Paprec
- Company type: S.A.
- Industry: Waste management and recycling
- Founded: 1994
- Founder: Jean-Luc Petithuguenin
- Headquarters: Paris, France
- Key people: Jean-Luc Petithuguenin, founder Sébastien Petithuguenin (CEO) Mathieu Petithuguenin (chairman)
- Revenue: 3.5 billion euros (2025)
- Number of employees: 16,000 (2025)
- Subsidiaries: Paprec Switzerland Grupo Paprec
- Website: www.paprec.com

= Paprec =

French waste management company

The Paprec group or Paprec is a French company specialized in industrial and household waste management and recycling. Founded in 1994 by Jean-Luc Petithuguenin, it is currently headed by Sébastien Petithuguenin as CEO and by Mathieu Petithuguenin as chairman. Its headquarters are located in Paris.

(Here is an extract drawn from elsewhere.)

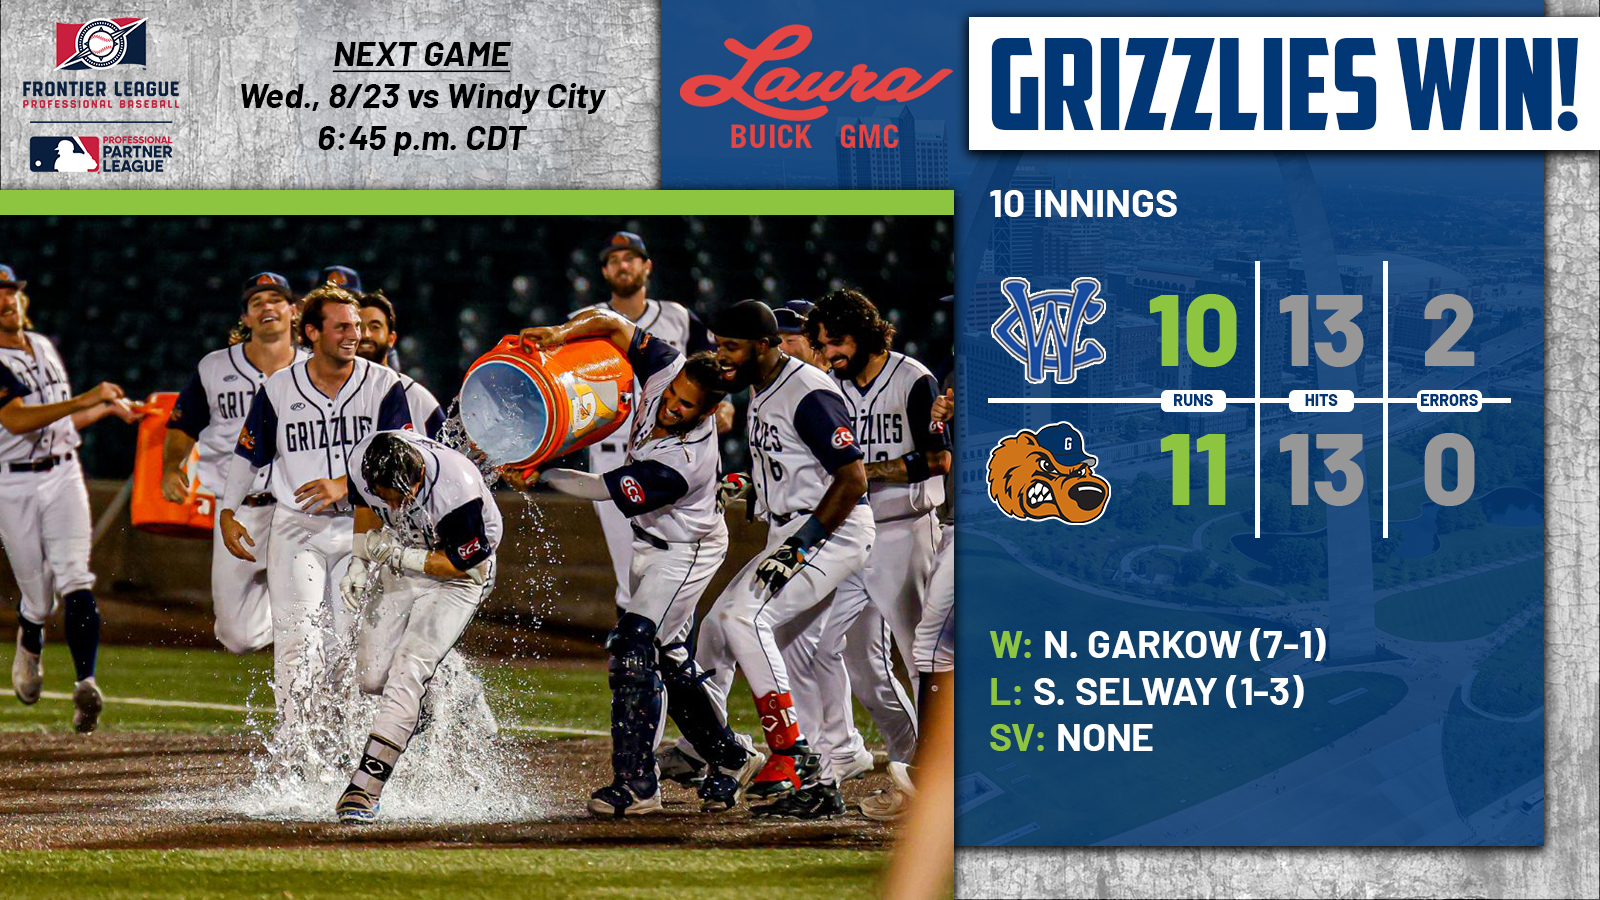 GRIZZLIES WALK OFF WINDY CITY IN CLASSIC

As of 2023, the Paprec group operates in ten countries in Europe and Asia and collects 15 million tons of waste, which are processed in its 300 sites or factories. The company employs 16,000 people, and its total revenue in 2025 was 3.5 billion euros. It is currently the leading recycling company in France and the third-largest in waste management and energy recovery.

==History==
===1994-2010: foundation and first investors===
In 1994, Jean-Luc Petithuguenin, a director of Compagnie Générale des Eaux, decides to buy out Paprec from the group for 3 million euros. At that time, Paprec employs 45 people and has a revenue of 5 million euros.

In 2006, Paprec announces a change among its shareholders. The banks Crédit Agricole, which had entered the company's capital in 2000, and Société Générale, present since 2003, are replaced by BNP Paribas, Caisse des dépôts et consignations, and Banque Populaire. Together, these three groups acquire 35% of the company's capital and strengthen its financial capacity. Jean-Luc Petithuguenin, the company's founder and CEO, also increases his stake to 40%.

At that time, the Paprec Group employs 1,100 employees, with a total revenue of 200 million euros, and has acquired 45 companies since its creation. Nonetheless, two-thirds of its revenue results from organic growth, linked to the diversification of its activities. Originally specialized in paper recycling, an activity from which its name is derived, the company has expanded into other recycling activities such as plastics, industrial waste, waste sorting products, and wood.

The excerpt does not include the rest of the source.